Data shown: Begin

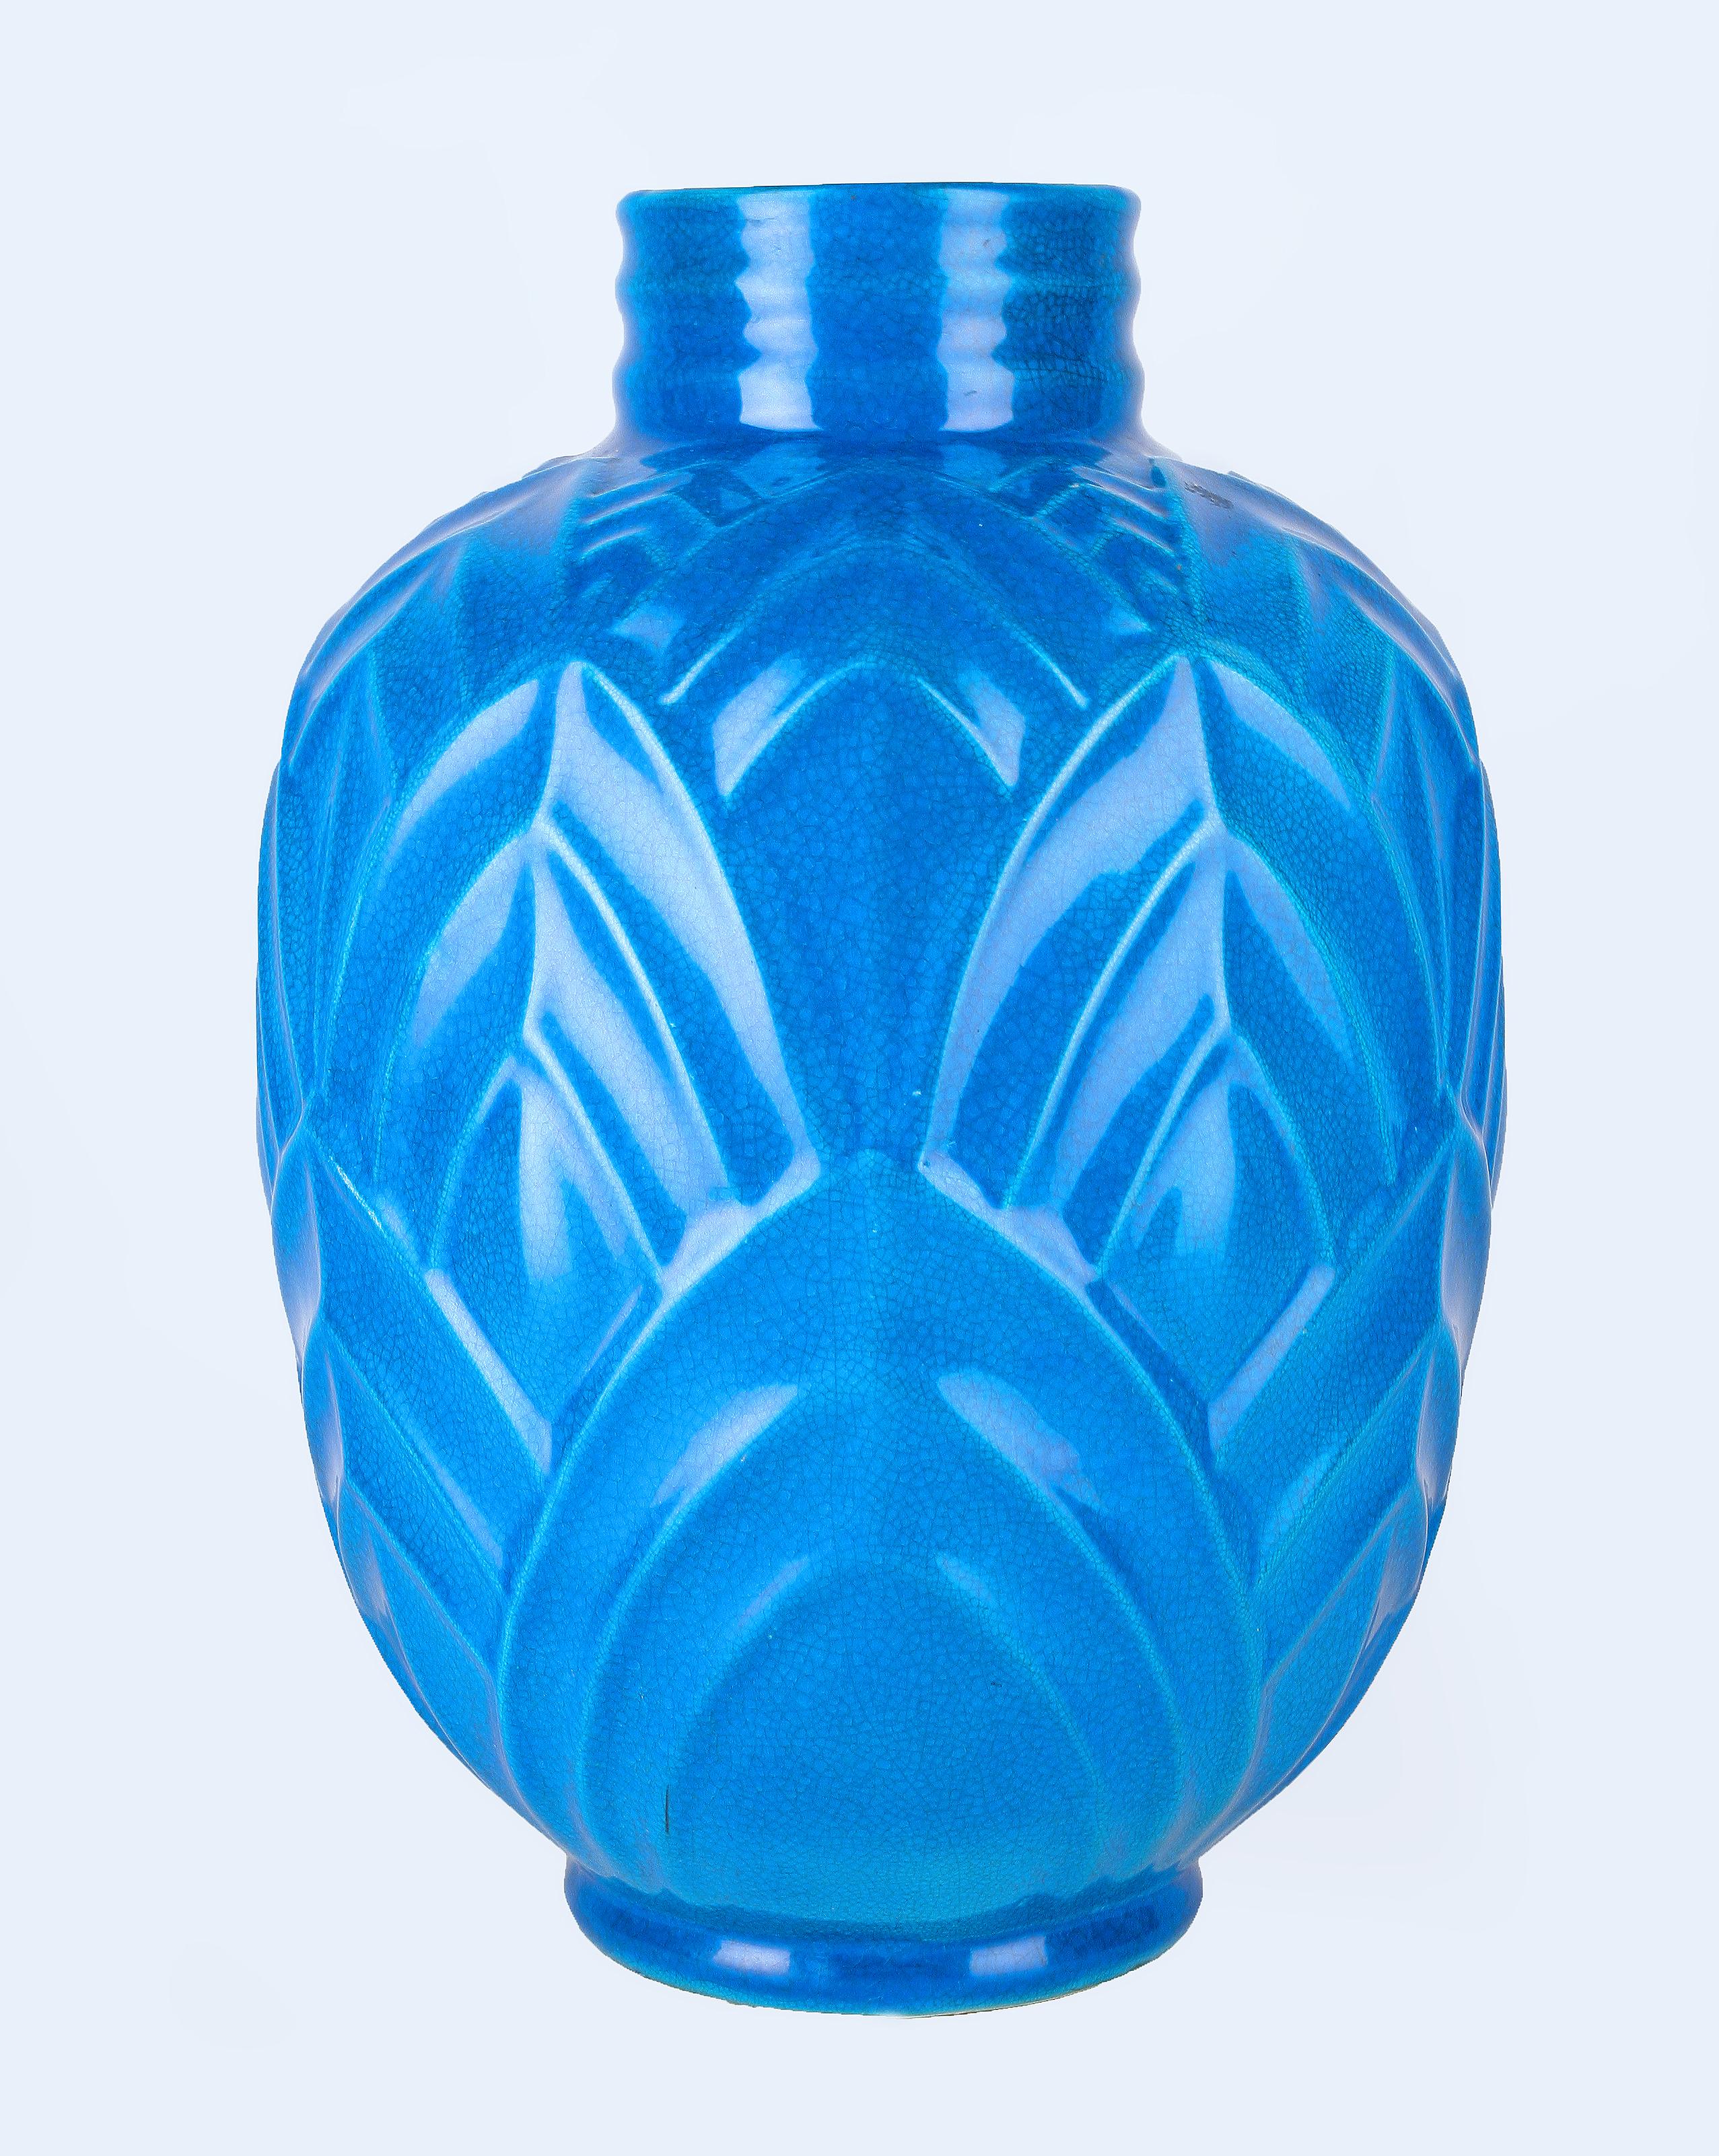 Art Déco Vase aus blau glasierter Keramik/Steingut des französischen Designers Charles Catteau für die belgische Manufaktur Boch Frères Keramis aus dem frühen 20.

Von: Charles Catteau, Boch Frères Keramis, René Lalique (im Stil von)
MATERIAL:
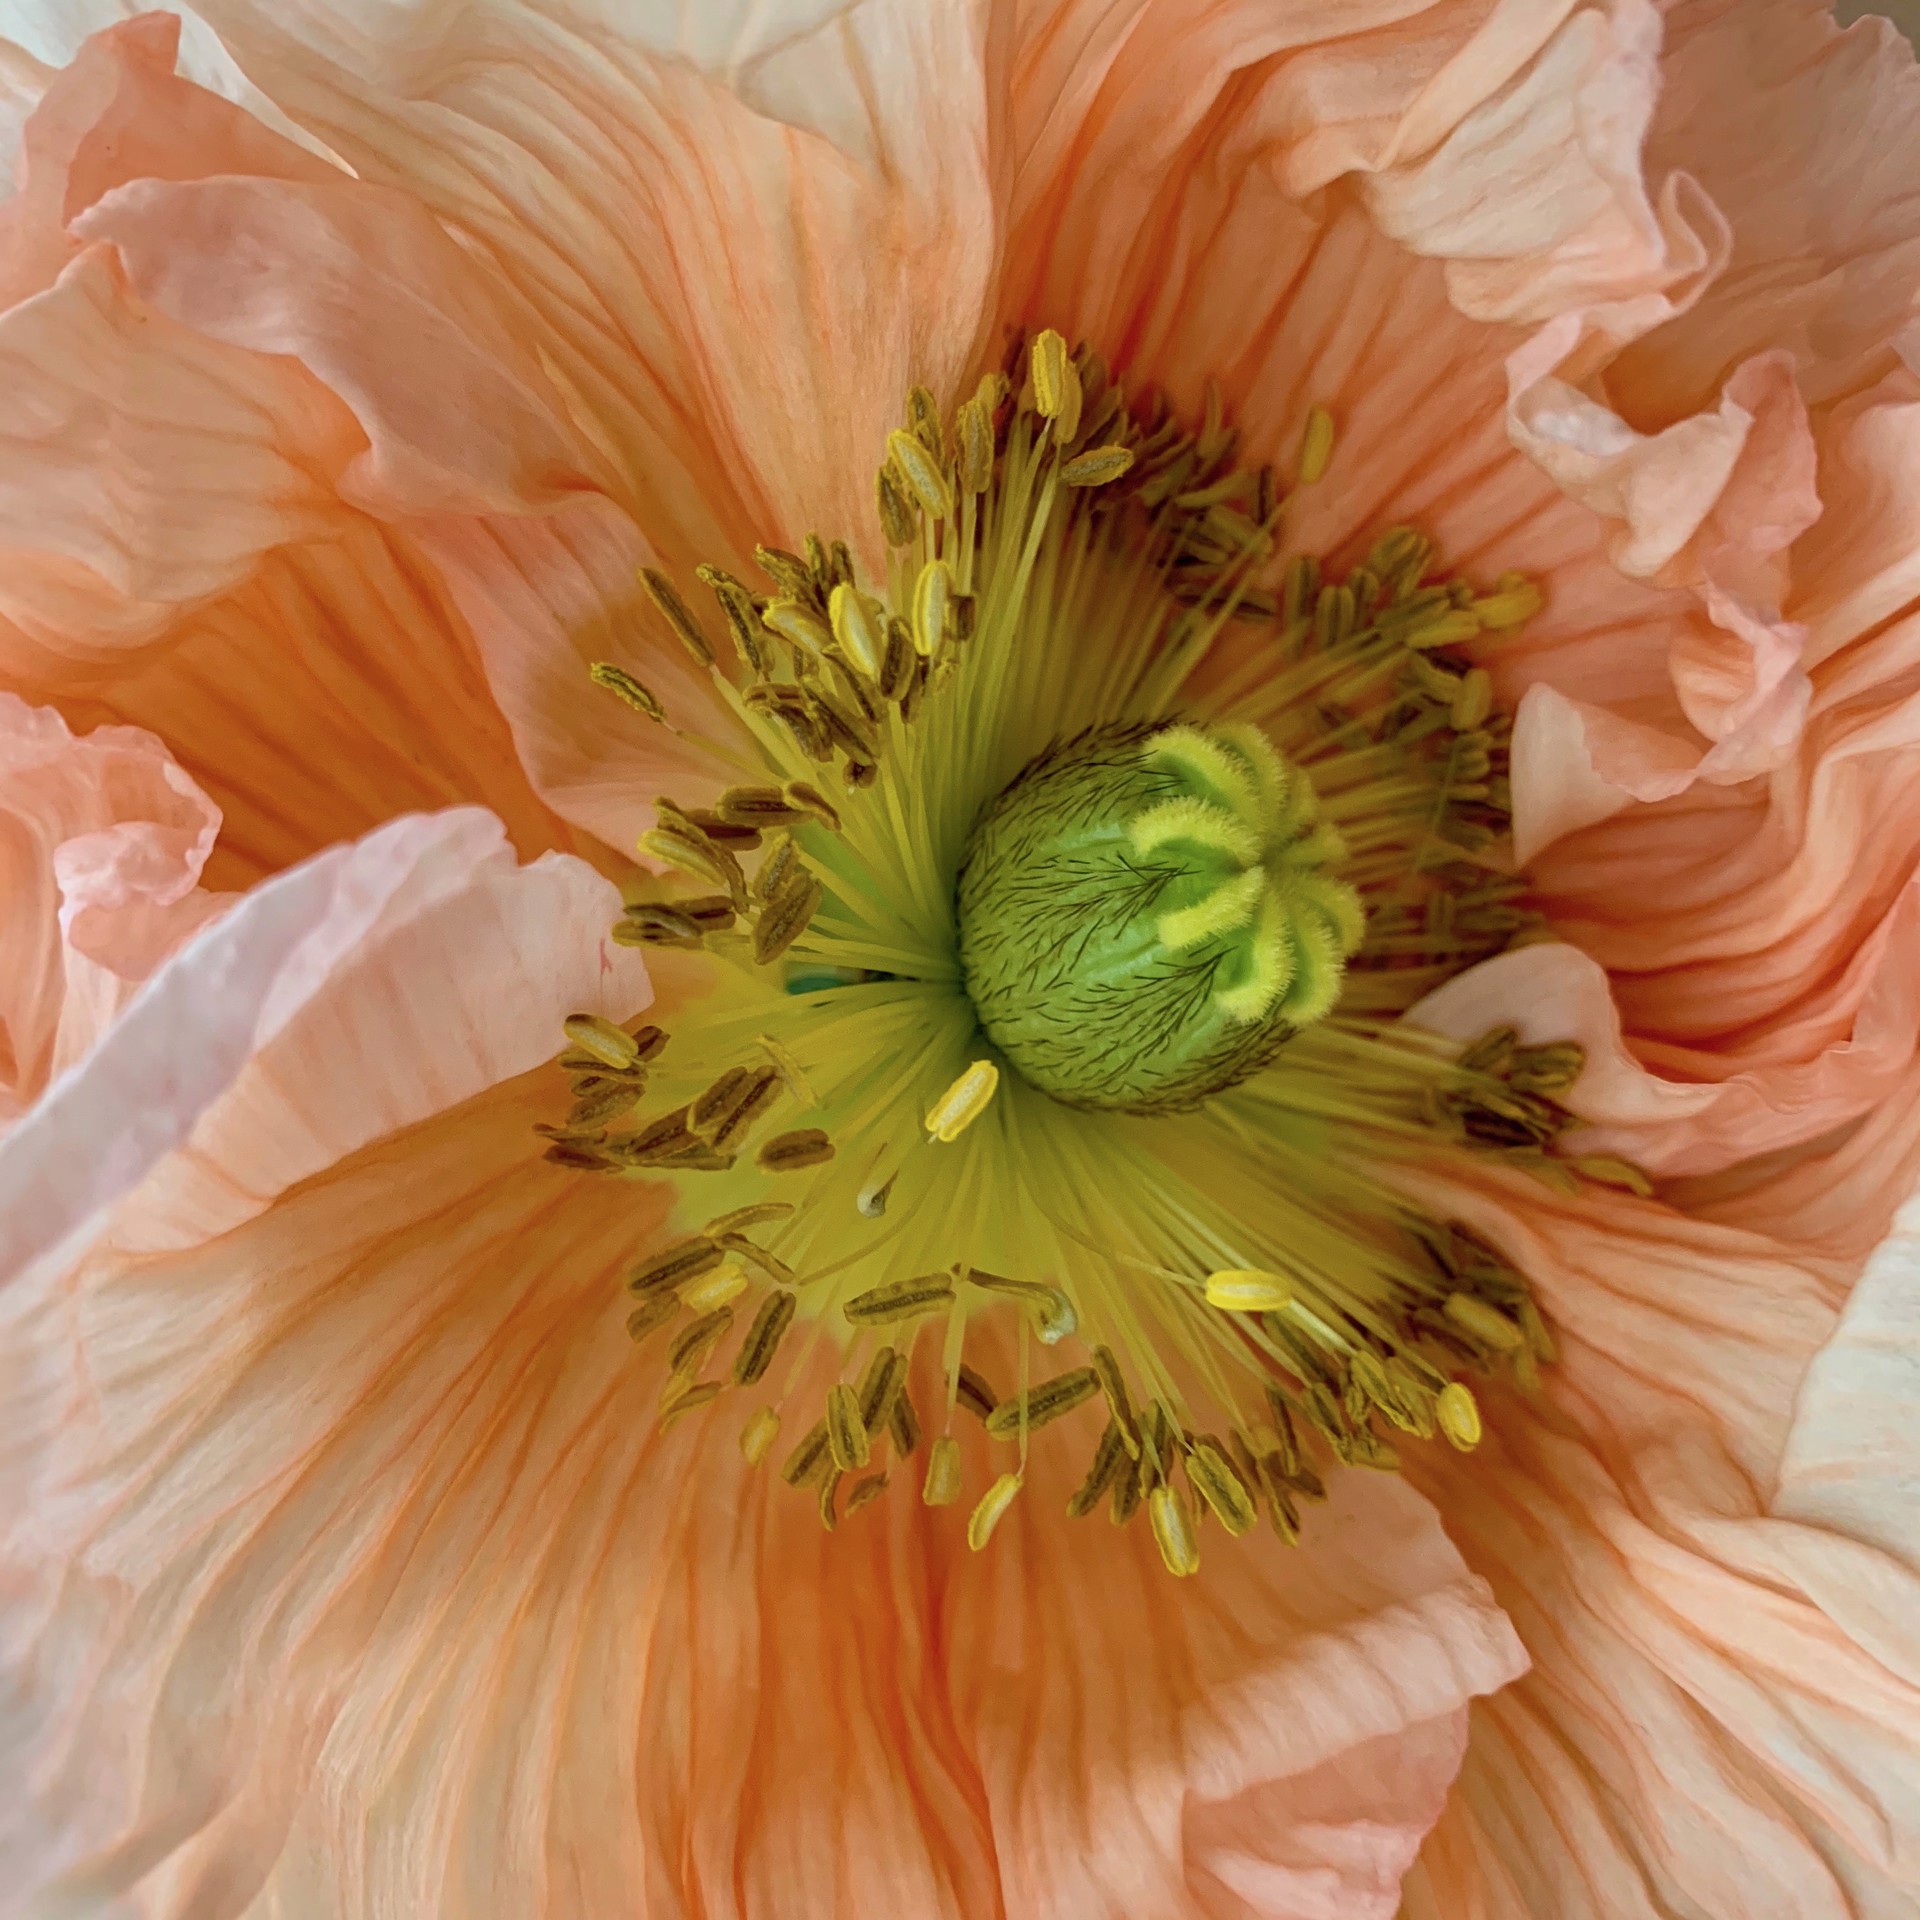 Blooming by Stephanie Danforth

Data shown: End

Task brief:
Your answer should contain all the material above, written out exactly, and none of the pictures.

Output for this exercise:
 Art Déco Vase aus blau glasierter Keramik/Steingut des französischen Designers Charles Catteau für die belgische Manufaktur Boch Frères Keramis aus dem frühen 20.

Von: Charles Catteau, Boch Frères Keramis, René Lalique (im Stil von)
MATERIAL:
 Blooming by Stephanie Danforth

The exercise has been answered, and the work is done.